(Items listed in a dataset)
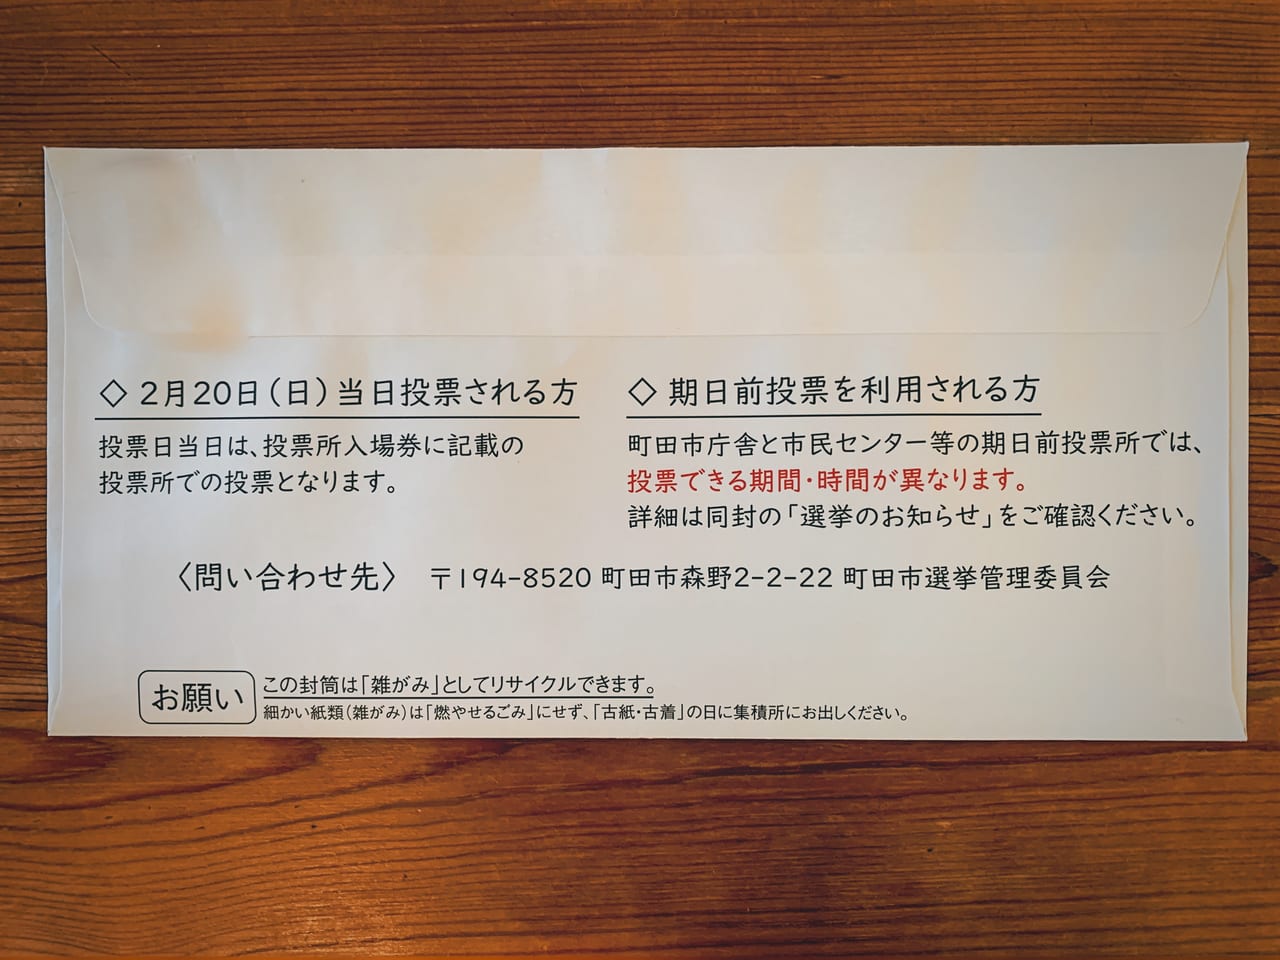 町田市選挙の投票場入場券の裏
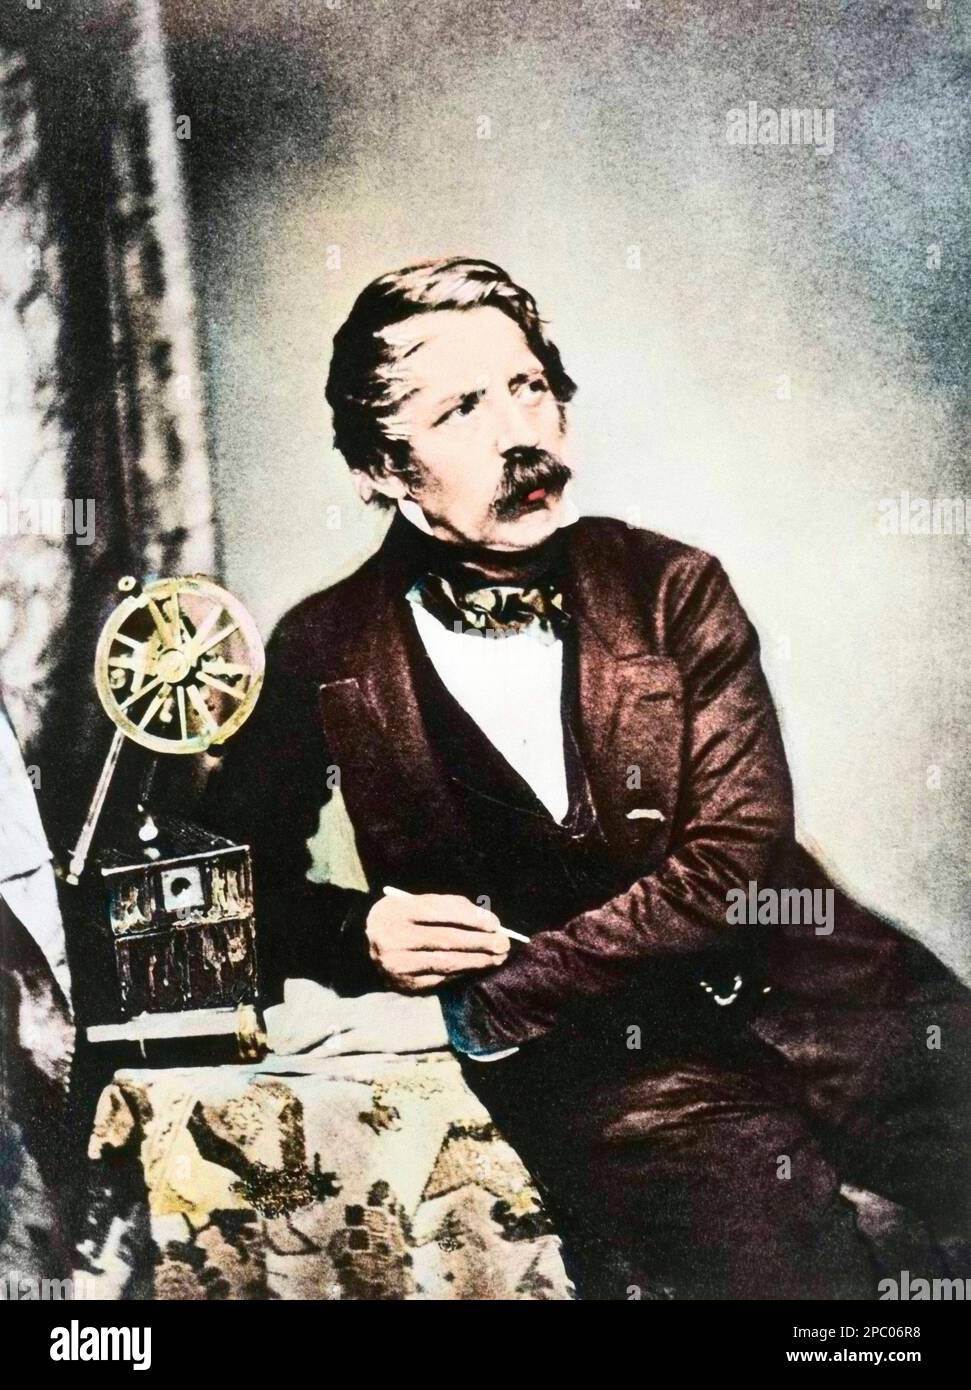 Carl August von Steinheil  German physicist and inventor - Carl (Karl) August von Steinheil (1801-1870). Physicien, mathematicien, opticien et astronome allemand. Stock Photo
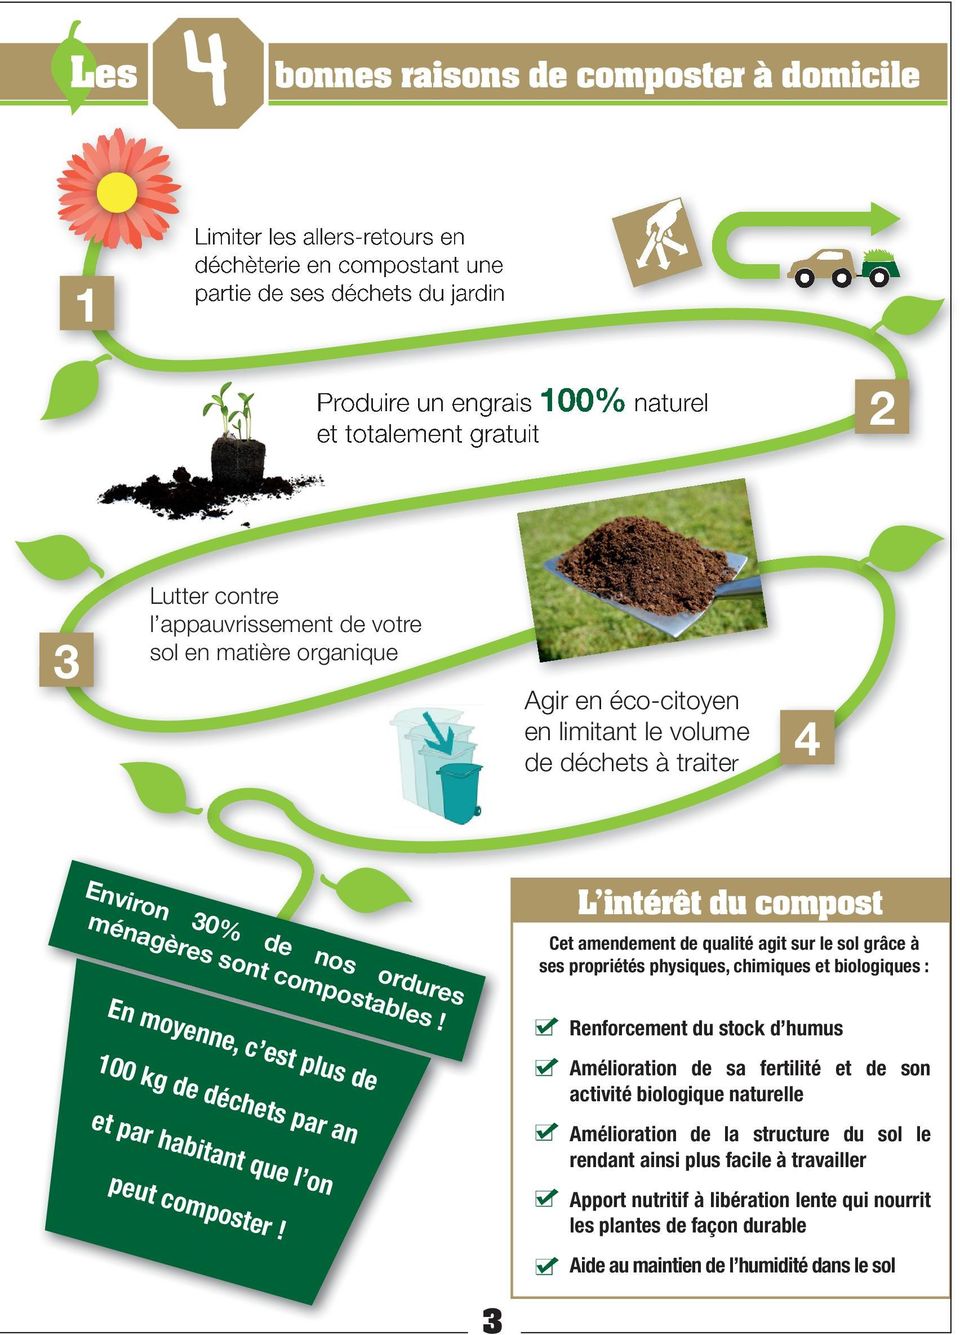 L intérêt du compost et amendement de qualité agit sur le sol grâce à ses propriétés physiques, chimiques et biologiques : Renforcement du stock d humus En moyenne, c est plus de 100 kg de déchets
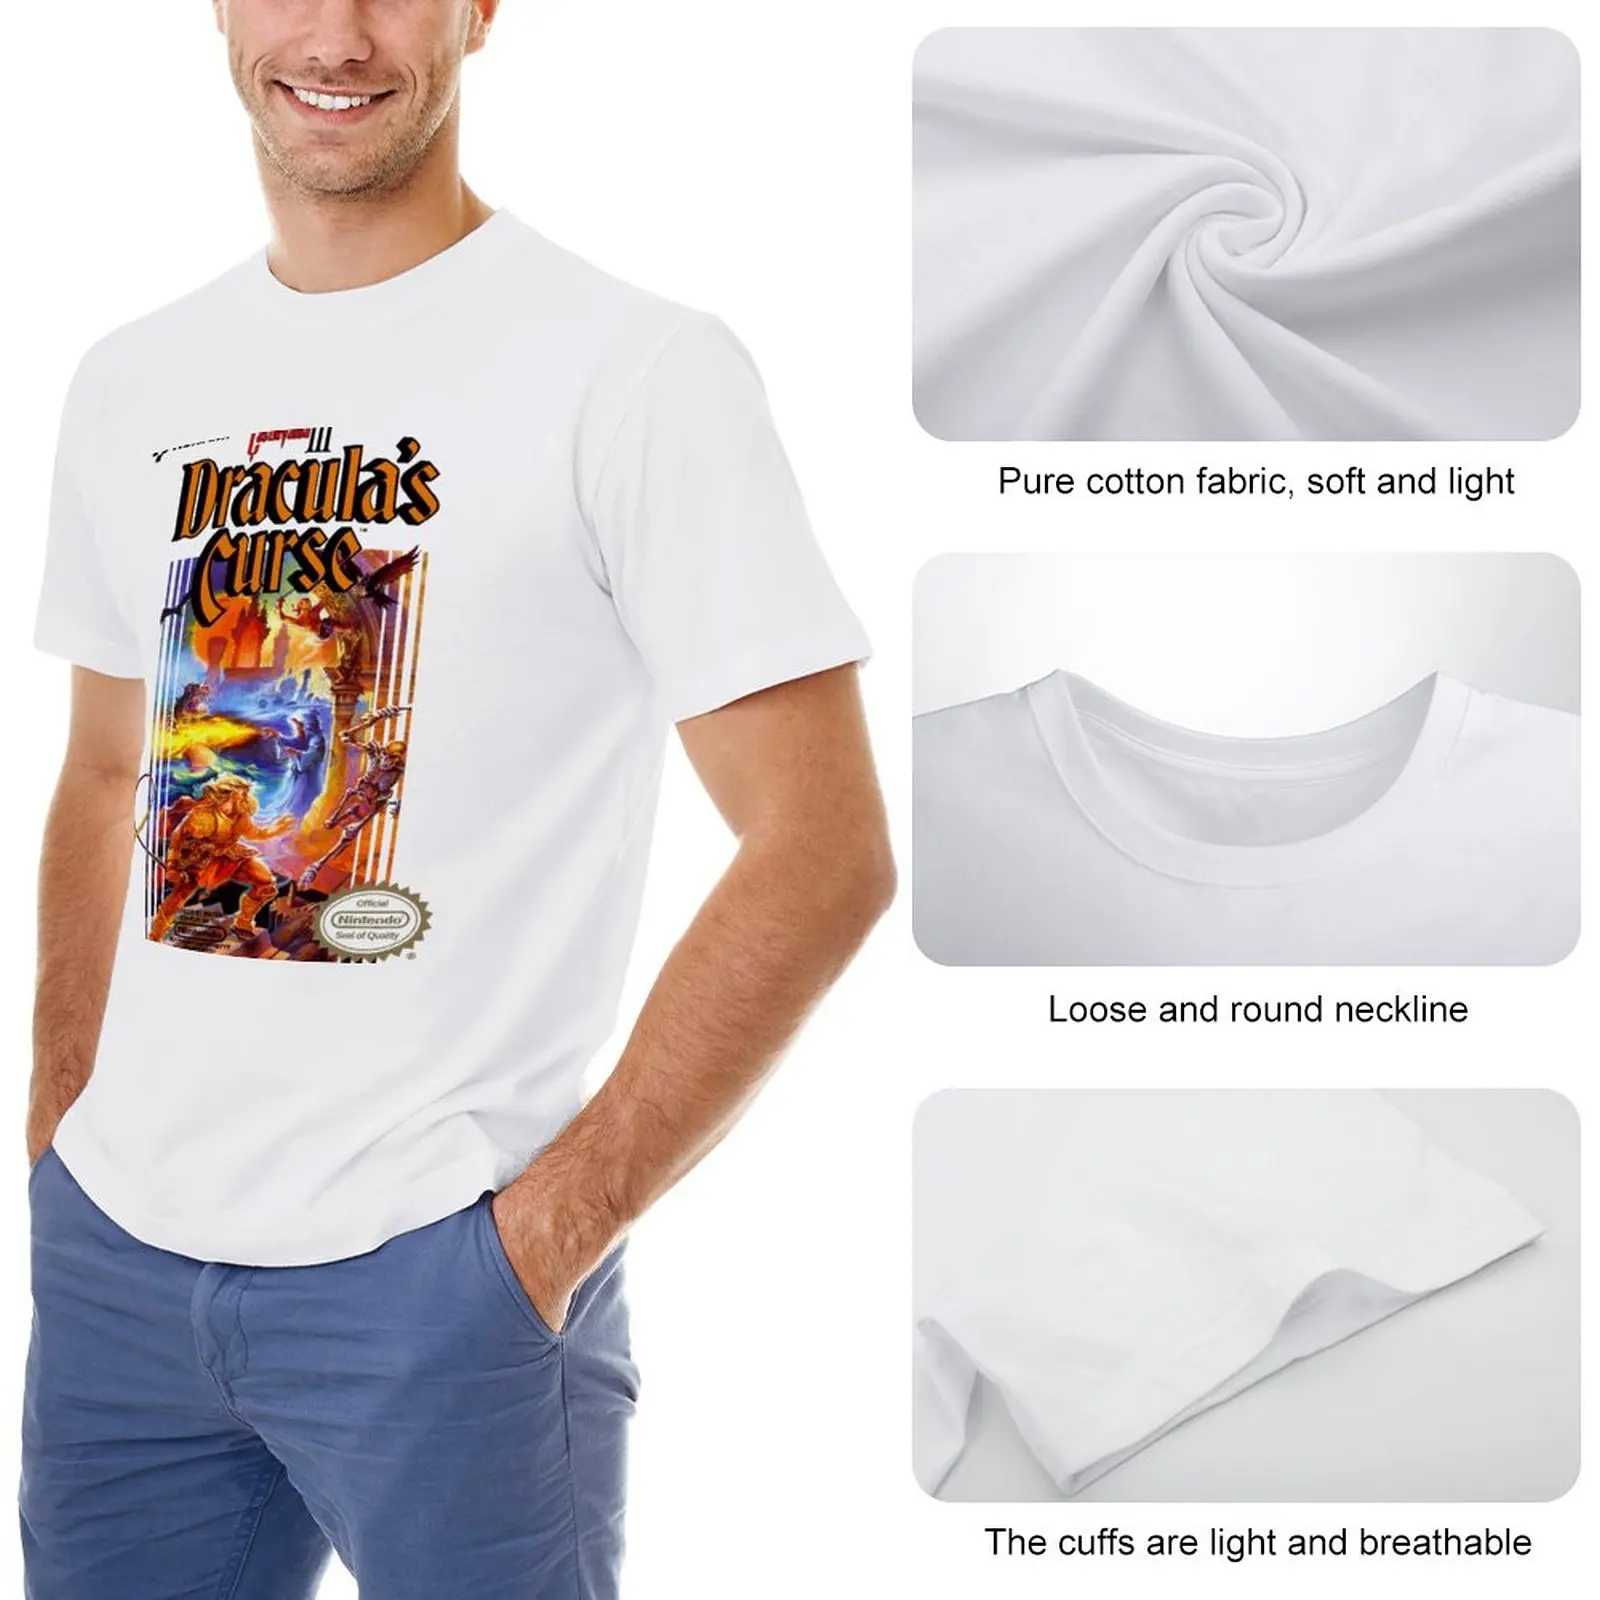 Футболка Castlevania 3, короткая эстетичная одежда, забавная футболка, мужские футболки большого и высокого размера. Изображение 1
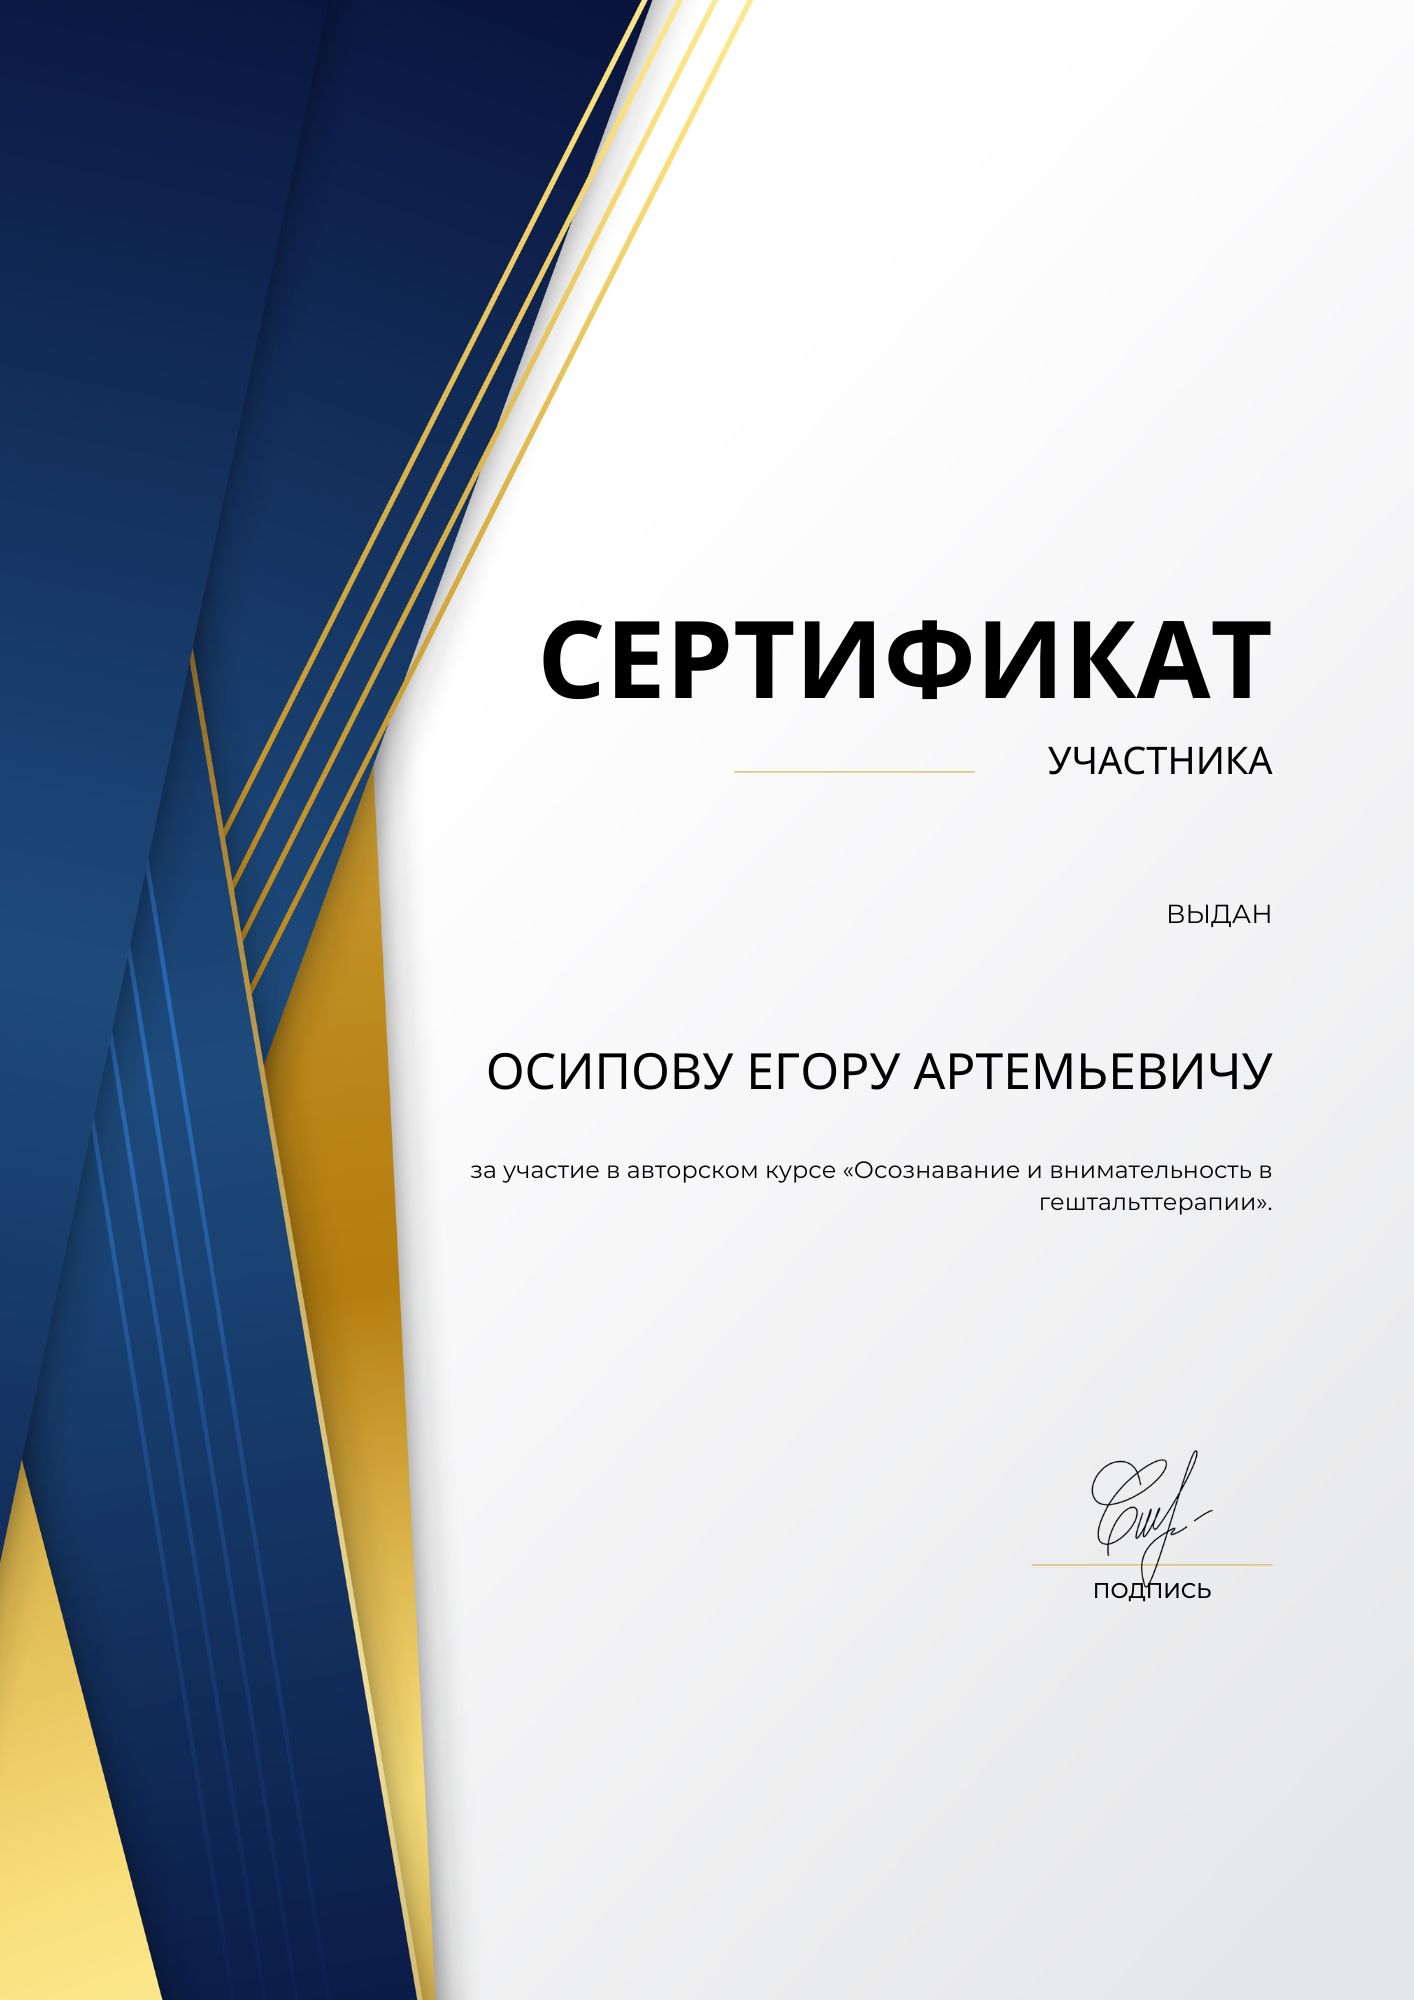 Фотография сертификата Осипова Егора Артемьевича за участие в авторском курсе

Problem to work on
Each entry above has to be set down again verbatim, except for its pictures.

Result of the task
 町田市選挙の投票場入場券の裏
 Carl August von Steinheil  German physicist and inventor - Carl (Karl) August von Steinheil (1801-1870). Physicien, mathematicien, opticien et astronome allemand. Stock Photo
 L intérêt du compost et amendement de qualité agit sur le sol grâce à ses propriétés physiques, chimiques et biologiques : Renforcement du stock d humus En moyenne, c est plus de 100 kg de déchets
 Футболка Castlevania 3, короткая эстетичная одежда, забавная футболка, мужские футболки большого и высокого размера. Изображение 1
 Фотография сертификата Осипова Егора Артемьевича за участие в авторском курсе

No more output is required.